### EXERCISE GOAL
Repeat the listing below word for word, minus the pictures.

### STORED DATA
━━━━━━━━━━━━━━━━━━━━━━━━━━━━━━

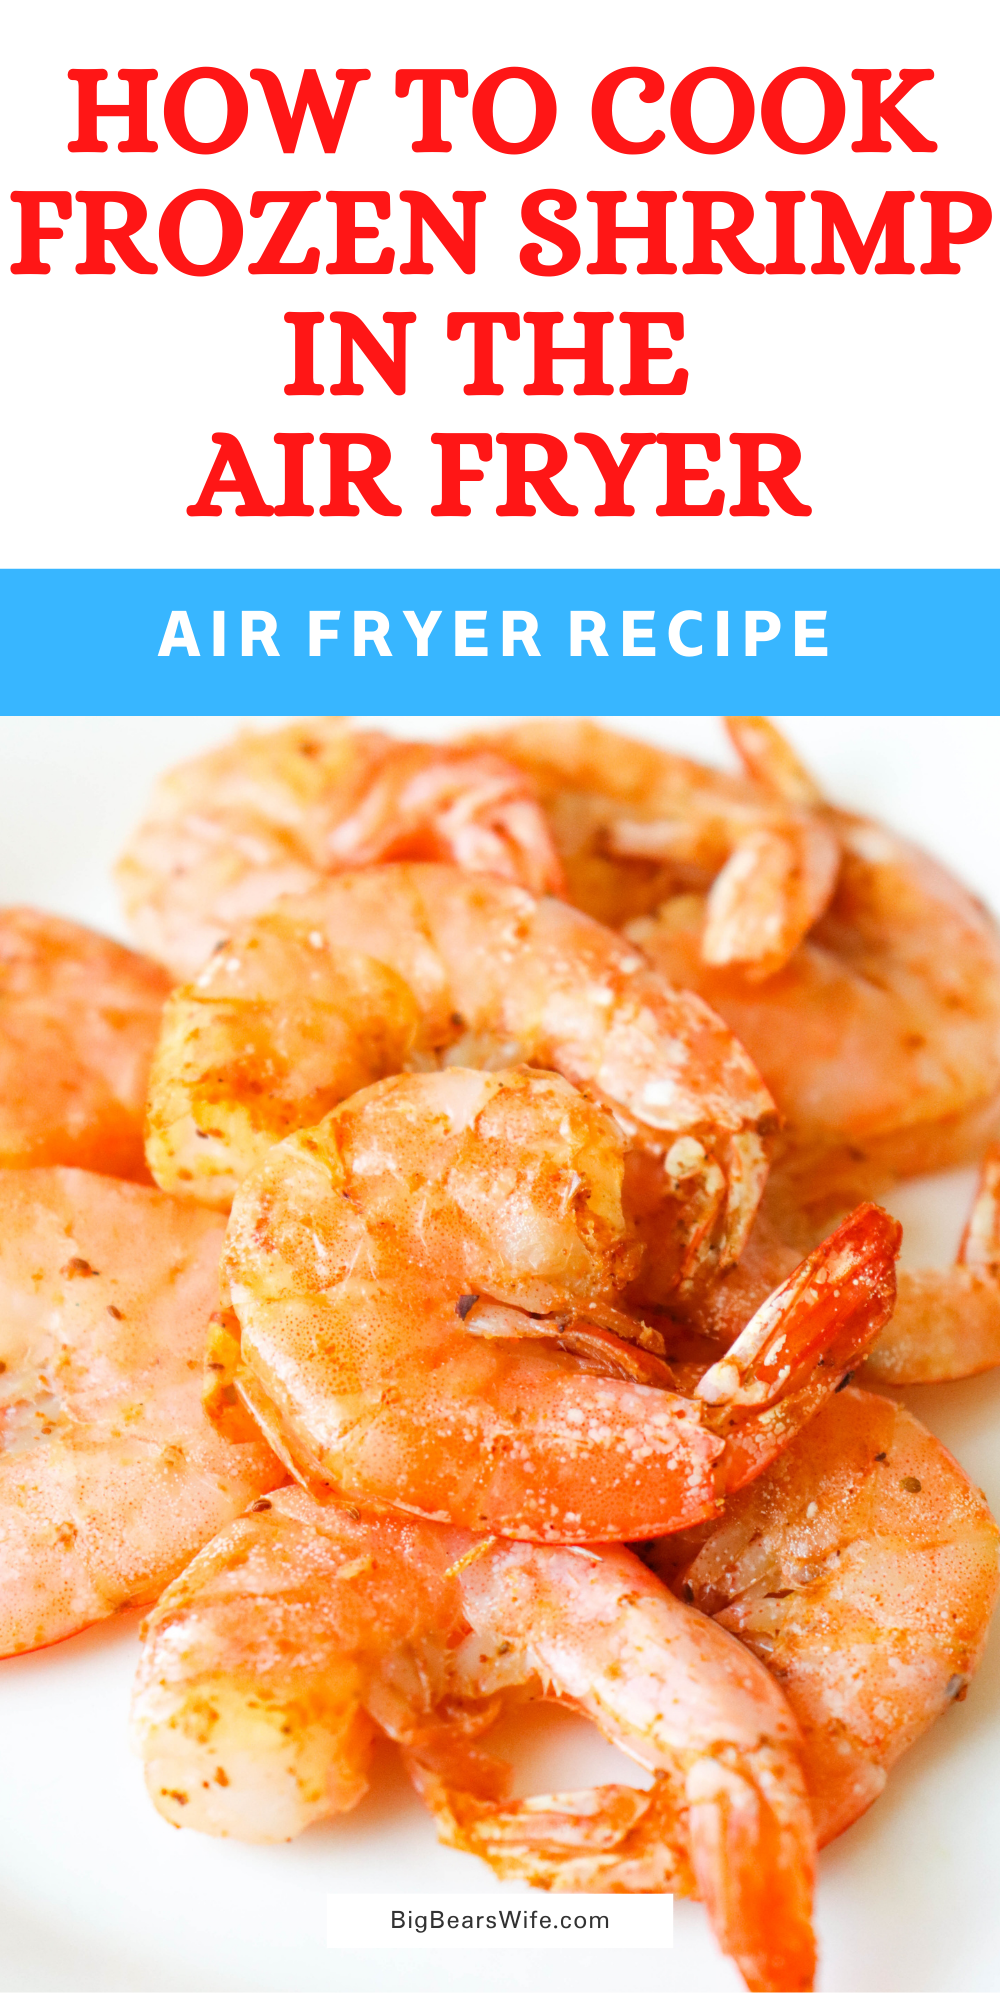 Have you ever wanted to cook Shrimp in the air fryer? This is How to cook Frozen Shrimp in the Air Fryer so that it turns out delicious every time! I'll also show you how NOT to cook it!  via @bigbearswife
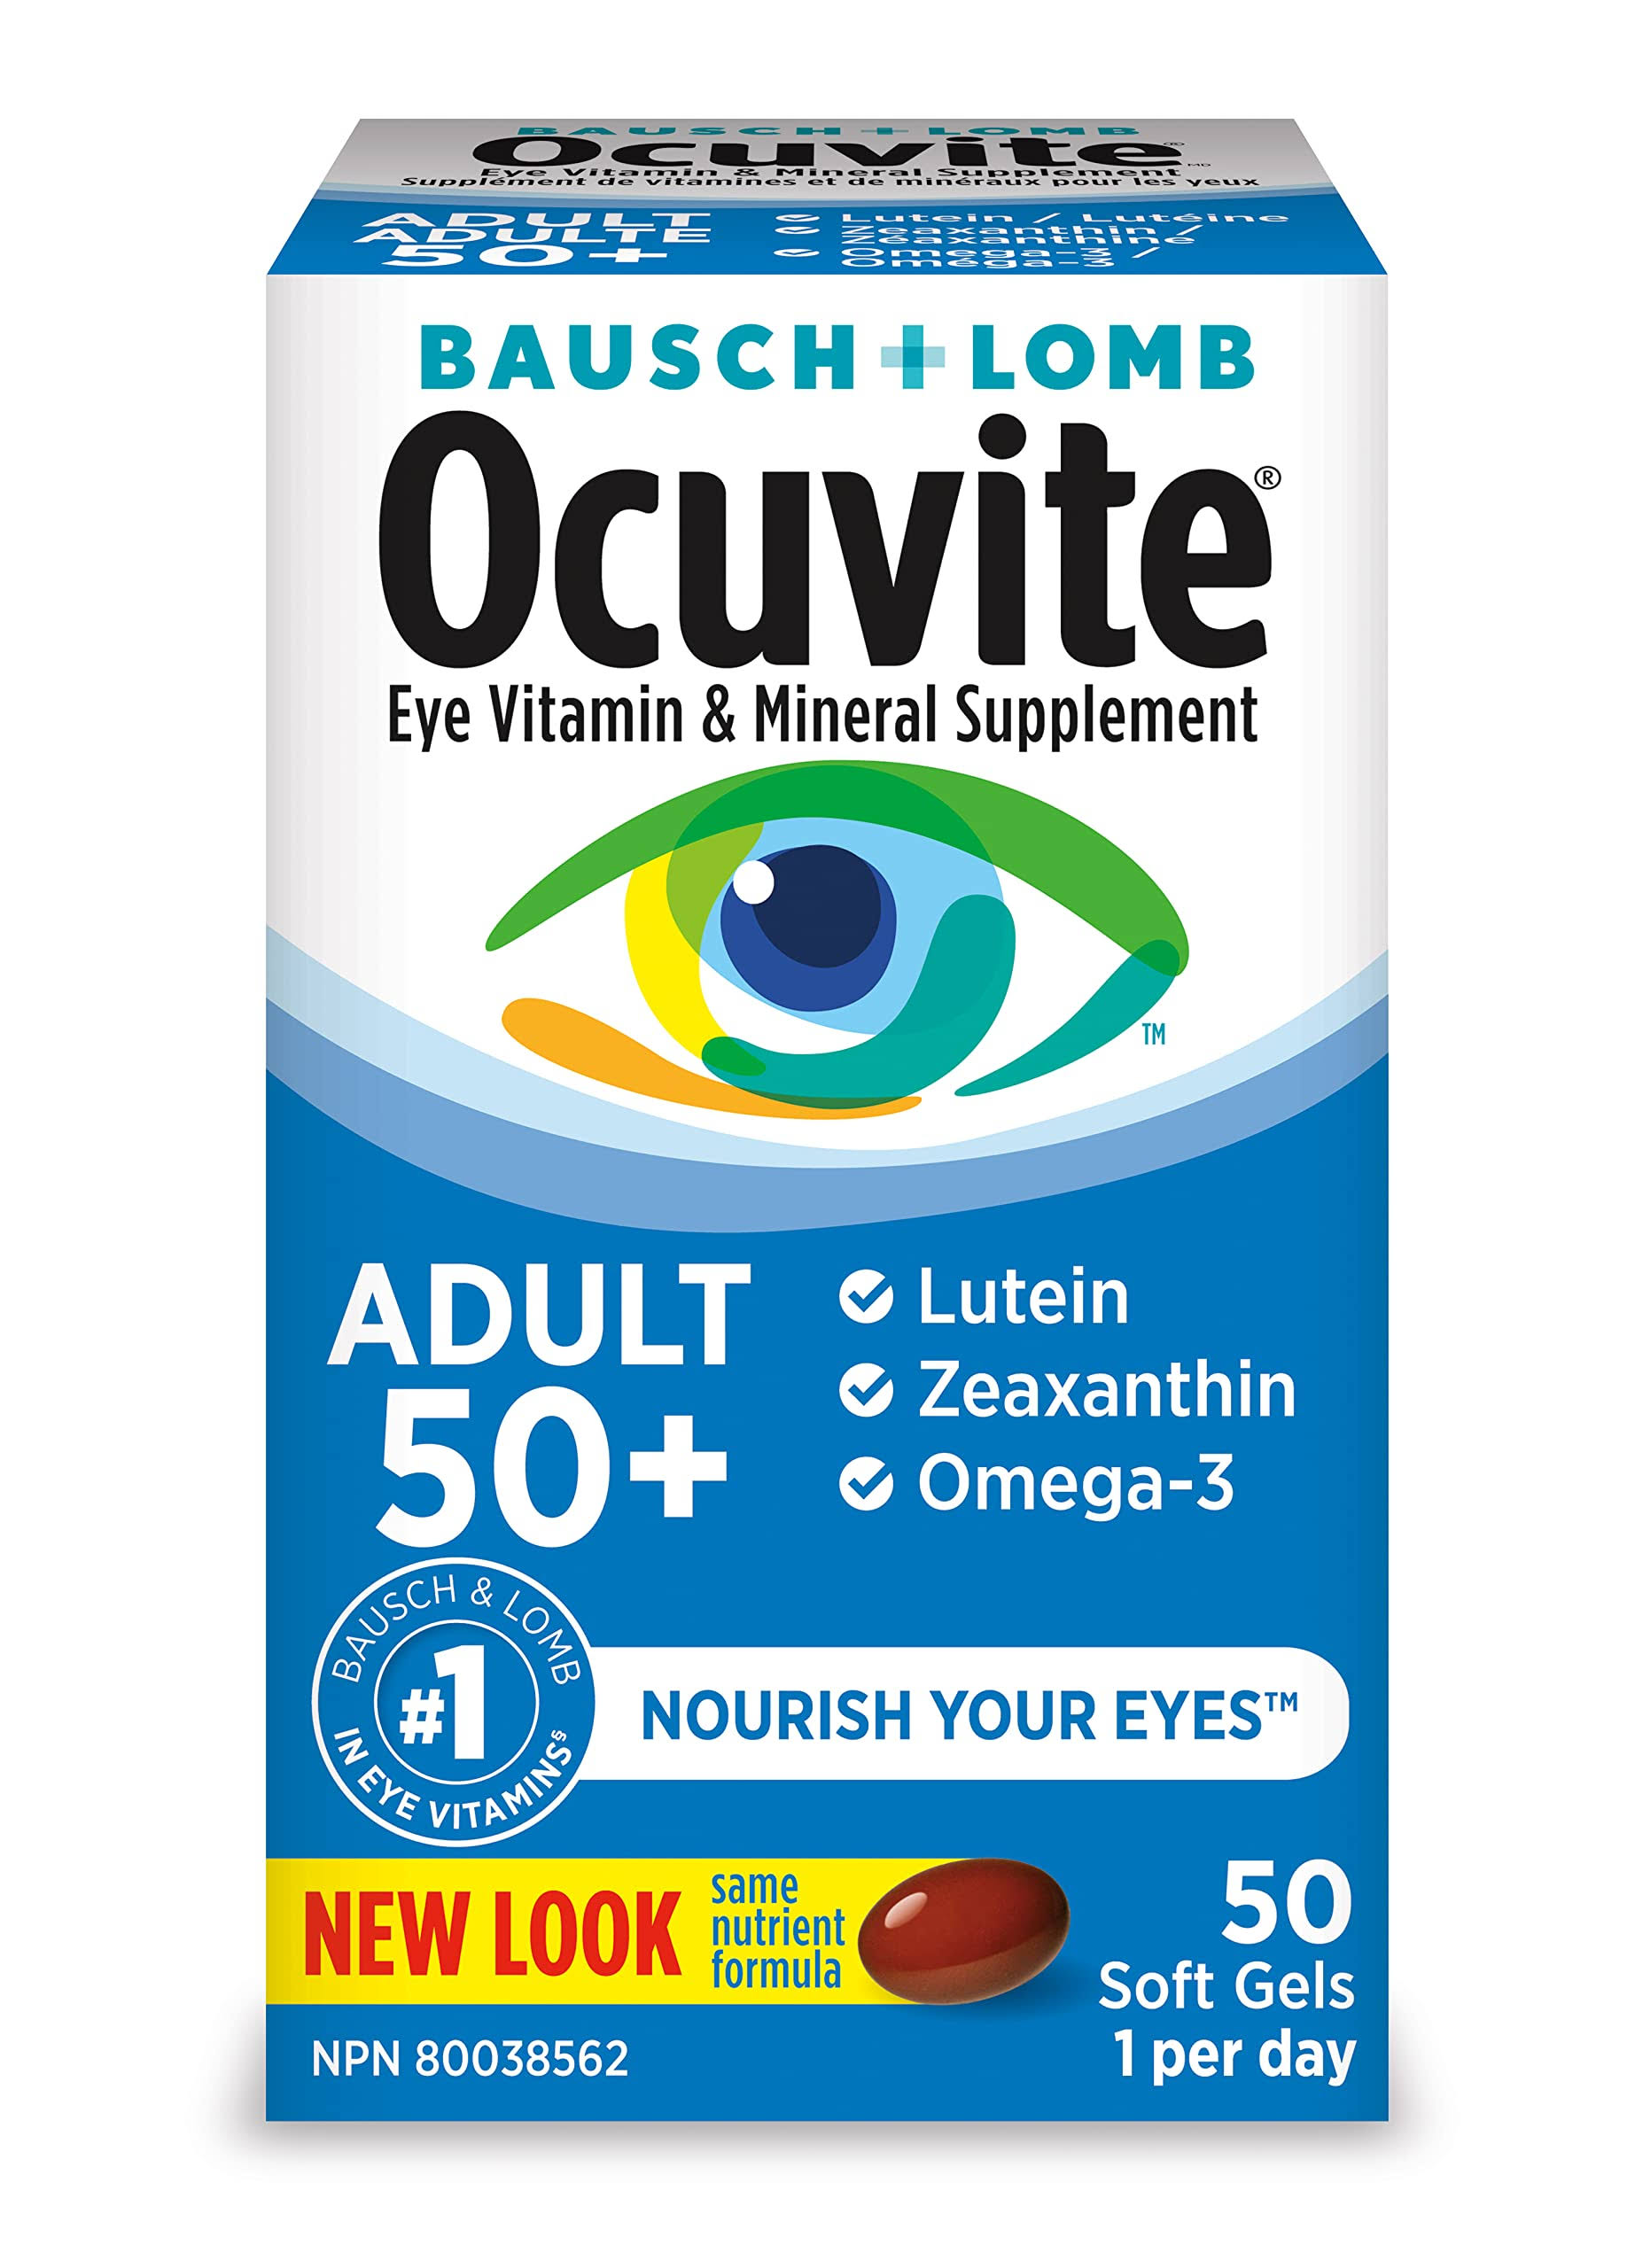 Bausch & Lomb Ocuvite Adult 50+ Eye Vitamin and Mineral Supplement - 50ct
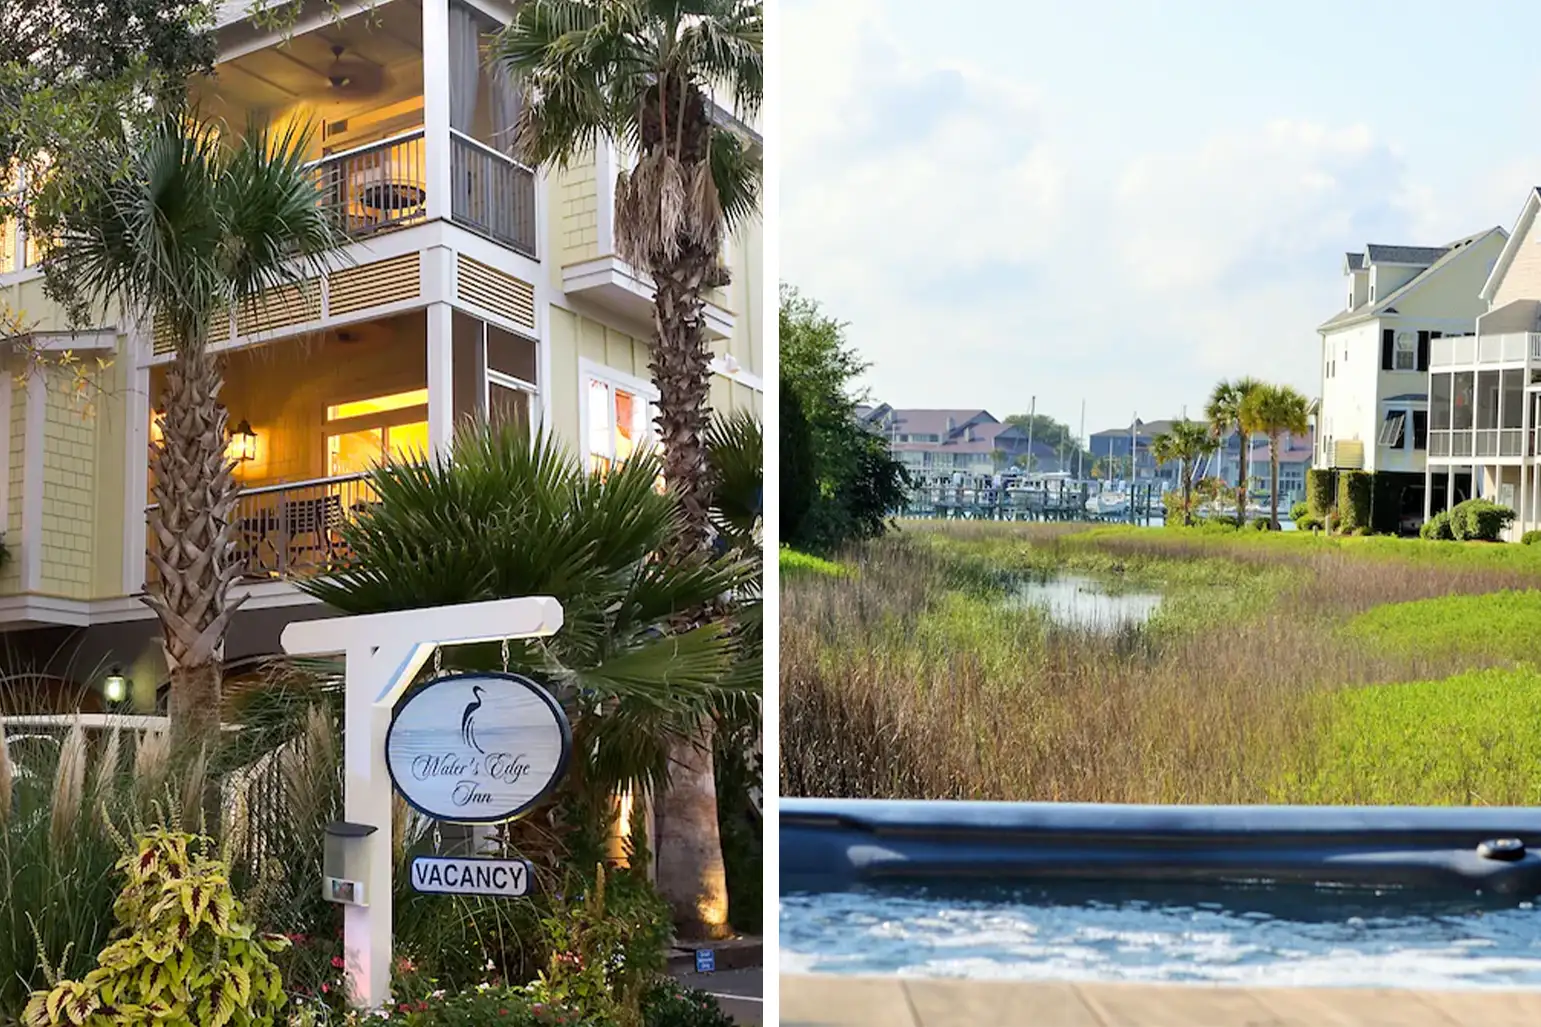 Left: Water's Edge Inn's sign and exterior with palm trees; Right: View of marina from the hot tub

━━━━━━━━━━━━━━━━━━━━━━━━━━━━━━

### FINAL ANSWER
 Have you ever wanted to cook Shrimp in the air fryer? This is How to cook Frozen Shrimp in the Air Fryer so that it turns out delicious every time! I'll also show you how NOT to cook it!  via @bigbearswife
 Bausch & Lomb Ocuvite Adult 50+ Eye Vitamin and Mineral Supplement - 50ct
 Left: Water's Edge Inn's sign and exterior with palm trees; Right: View of marina from the hot tub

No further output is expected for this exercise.